The reduction of CO by FeS has been reported but only at unphysiologically high temperatures. Besides, CO is not a major part of the atmosphere now, nor (most likely) ever was. But even if it could rise in primordial settings though the reduction of CO2, however, this is not thermodynamically favorable and thus was very unlikely to have occurred.
Other theories involve marine hydrothermal systems which answer the question of energetics by proposing geochemical energy sources.
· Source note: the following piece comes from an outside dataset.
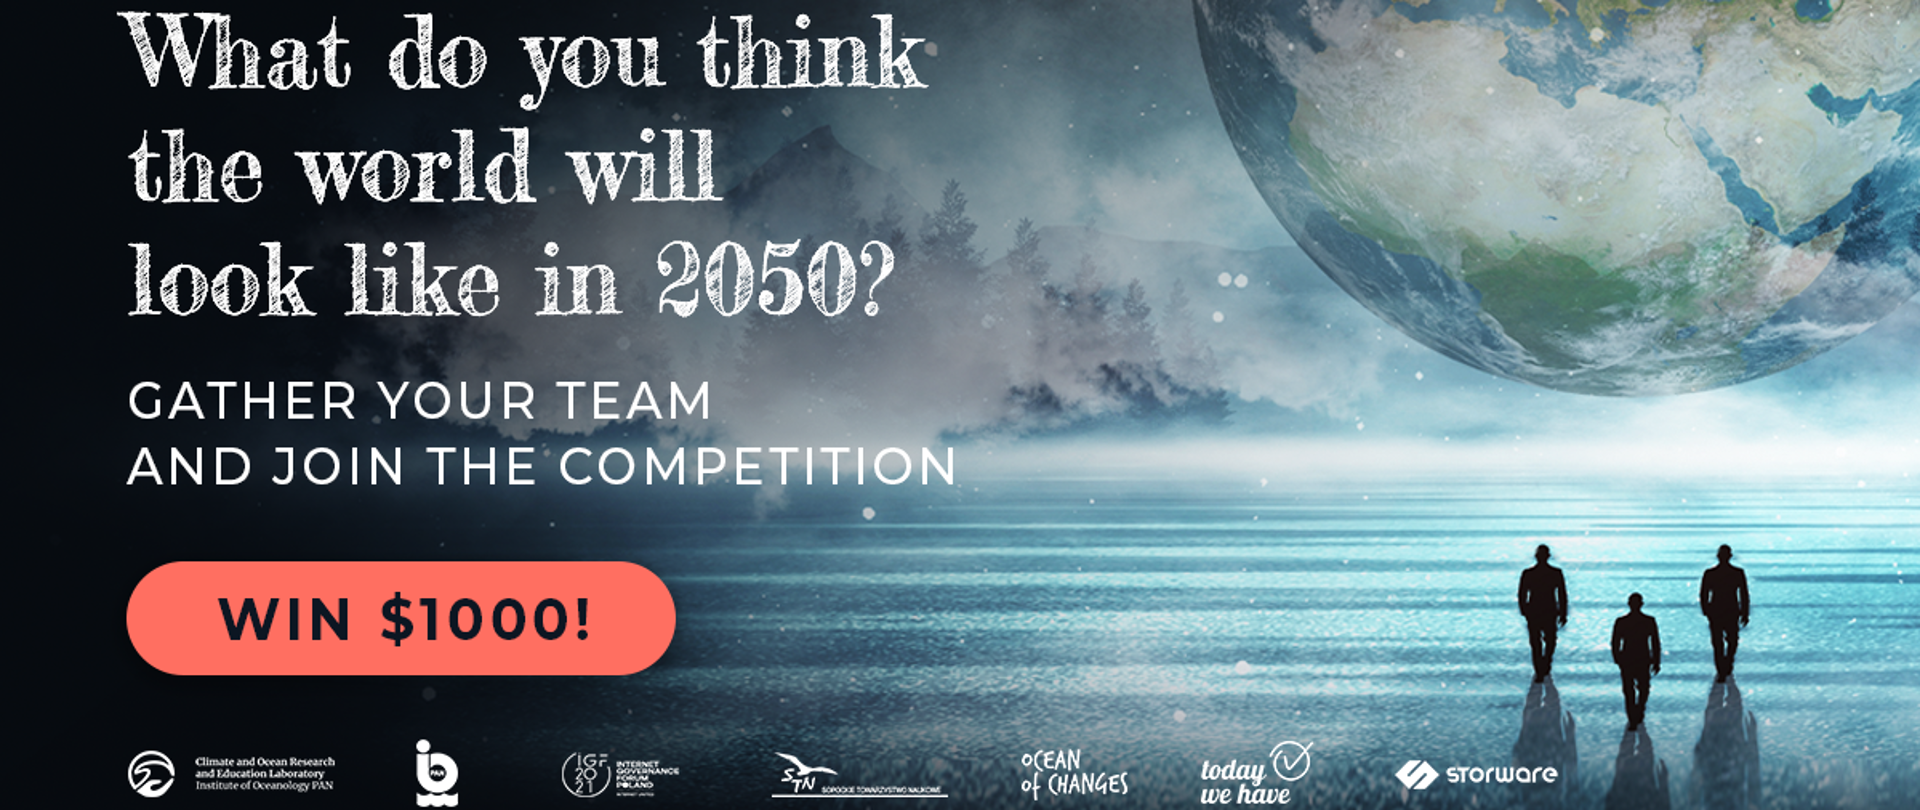 What do you think the world will look like in 2050? Gather your team and join the competition. win 1000$

This model depends on the formation of cellular building blocks from inorganic reactants. But the question from the energetics viewpoint is, can these anabolic processes yield energy? Amend and McCollom proposed that redox reactions occurred at “the interface between two end-member fluids—low temperature (25 °C), mildly acidic (pH 6.5), relatively oxidized (Eh -0.30 mV) seawater and moderately hot (140 °C), alkaline (pH 9), reduced (Eh -0.71 mV) hydrothermal vent fluid.”
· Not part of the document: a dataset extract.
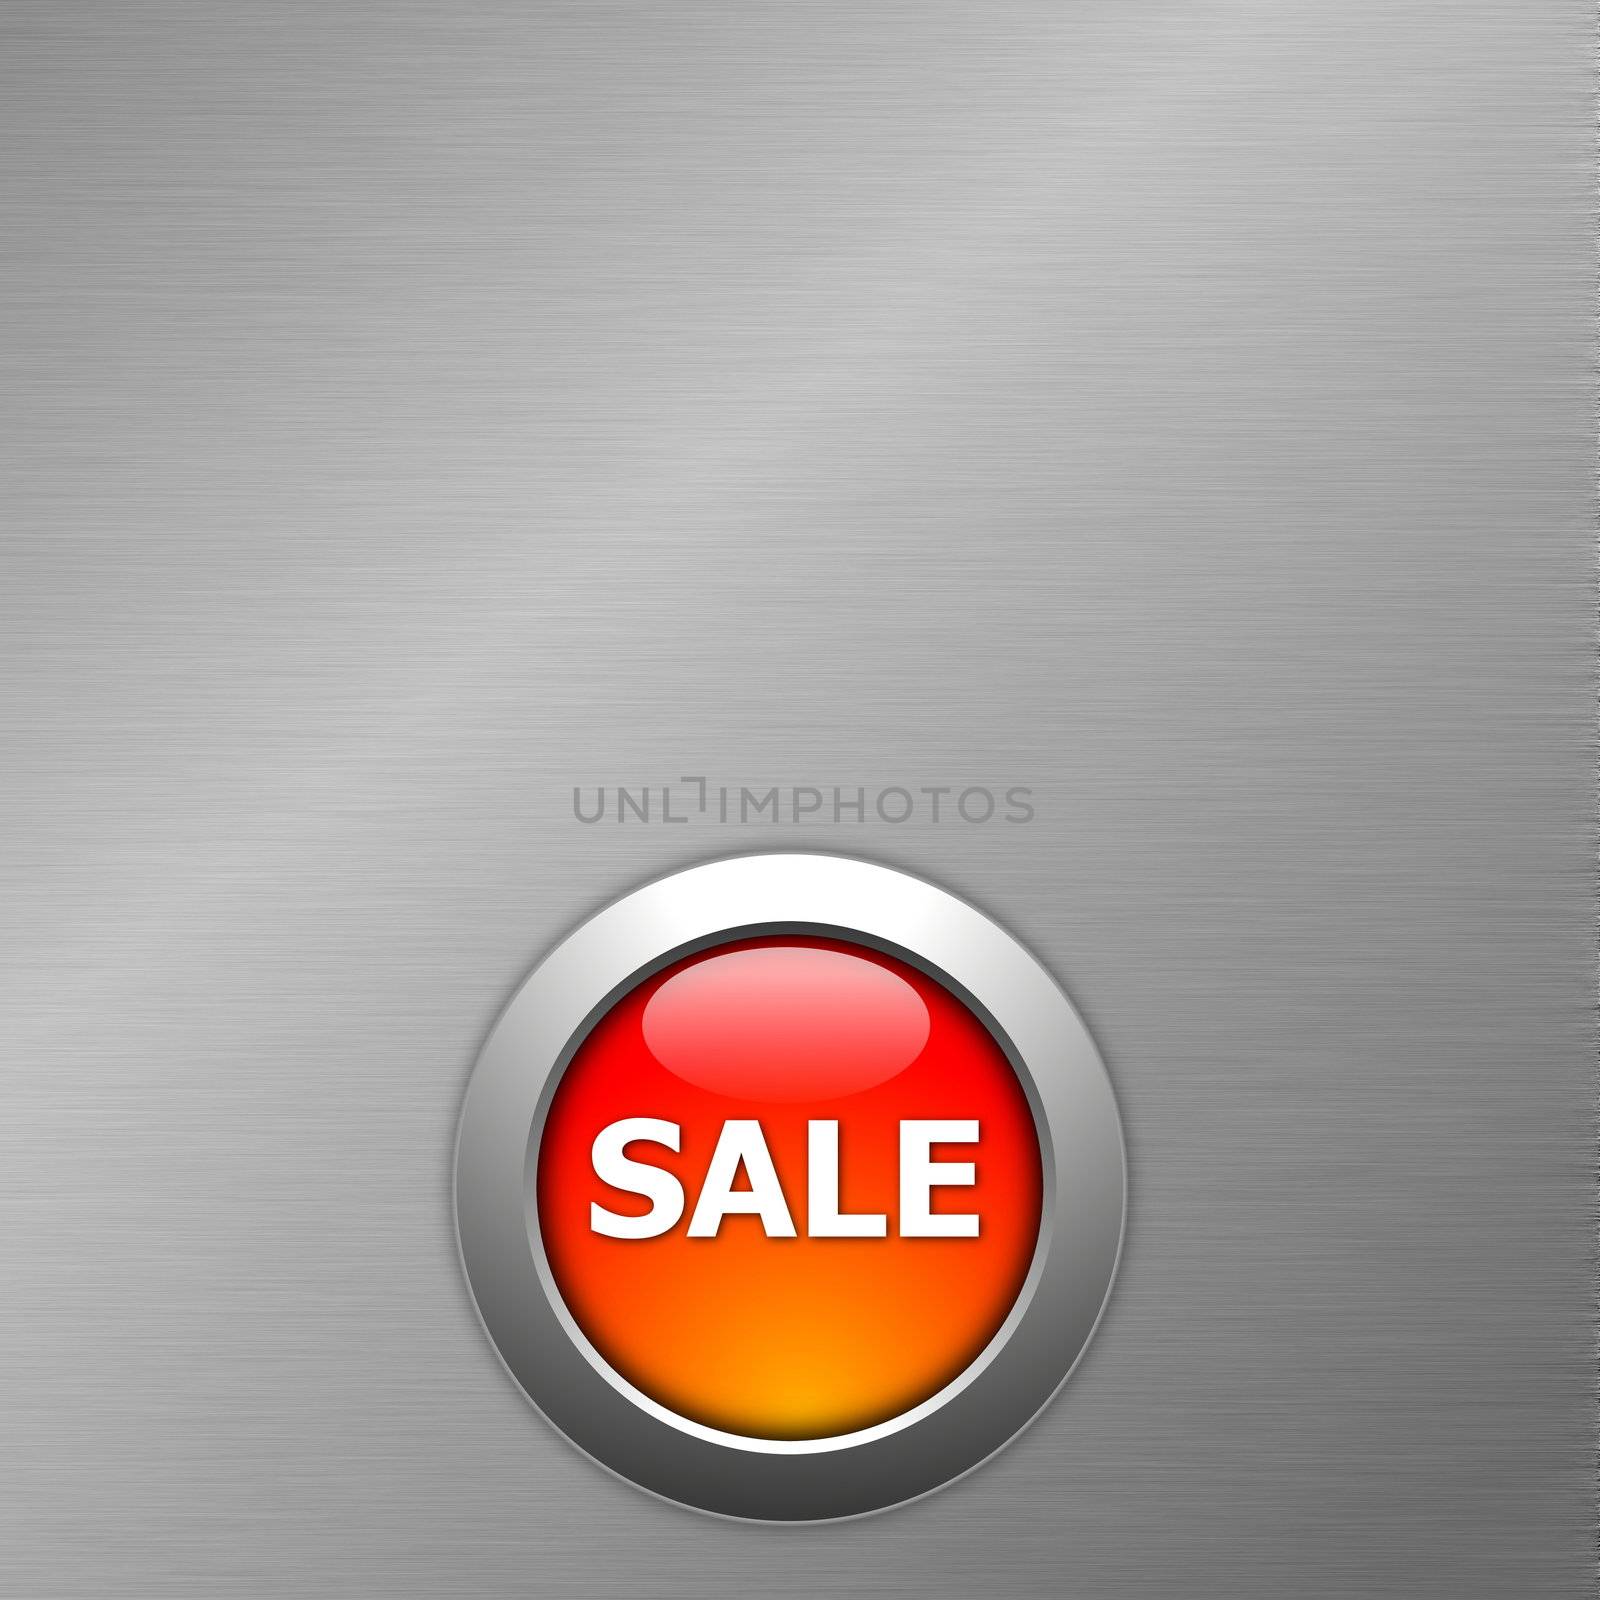 red sale button on a metal background

They demonstrated that biomass synthesis is most favorable at moderate temperatures, where the energy contributions from HCO3- and H+ in seawater coupled to the reducing power in hydrothermal fluid are optimized. The models show that the net synthesis of cellular building blocks may yield small amounts of energy.
In a similar scenario, put forward by Russell and co-workers, hydrogen and hydrocarbons were produced below the sea floor in complex "serpentinization" reactions and then brought to the surface by hydrothermal fluids. The proposed energy source is the pH gradient across the inorganic membranes between alkaline hydrothermal fluids and the acidic primordial ocean. This concept is analogous to the transmembrane proton gradients on the membranes of modern bacteria cells, however, the evolution of these gradiants seems to be a relatively recent evolutionary advance.
Some also suggest the role of Radiation Chemistry. This concept relates the understanding that any energy able to create ionized and excited molecules can be responsible for the formation of carbon compounds also containing other elements with the fact that there were much higher levels of ionizing radiation on early Earth. Scientists of this field claim that radiation played a role in the formation of organic compounds because radiation abstracts electrons from single compounds, and forms free radicals which can create ew combinations and form compounds of higher molecular weight.
Finally, a new and increasingly acknowledged hypotheses explaining the energetics of the origin of life is the role of zinc sulfide.
Zinc has a unique ability to store the energy of light. Indeed, this is why it is used in sunscreen (as zinc oxide) and in glow-in-the-dark items. This unique ability is also important in possibly solving the conundrum of how to provide energy in a neutral atmosphere; because Zinc, once illuminated by UV light, can efficiently reduce carbon dioxide. This is similar to what plants do. Notably, zinc sulfide particles precipitate only at deep-sea hydrothermal vents today, however, it is proposed that life may have originated at photosynthetically-active, porous structures made of zinc sulfide, similar to today’s deep-sea hydrothermal vents. This means that life would have begun on Earth’s surfaces so that there was access to UV light. Previously, many scientists thought that UV light was a hindrance to the origin of life because of its ability to degrade compounds, however, the fact that UV light in combination with zinc sulfide, allows for the reduction of CO2 makes it a very interesting hypothesis for a primordial energy source. To back up their hypothesis, the scientists who propose this new theory of the origin of life contend that they “have found that proteins that are considered ‘evolutionarily old’ and particularly those related to handling of RNA specifically contain large amounts of zinc.”
There appear to be many ideas for the role of energetics in the origin of life. Indeed, this is a hot field at the moment and will continue to be important because of fundamentality of energy to the existence of life.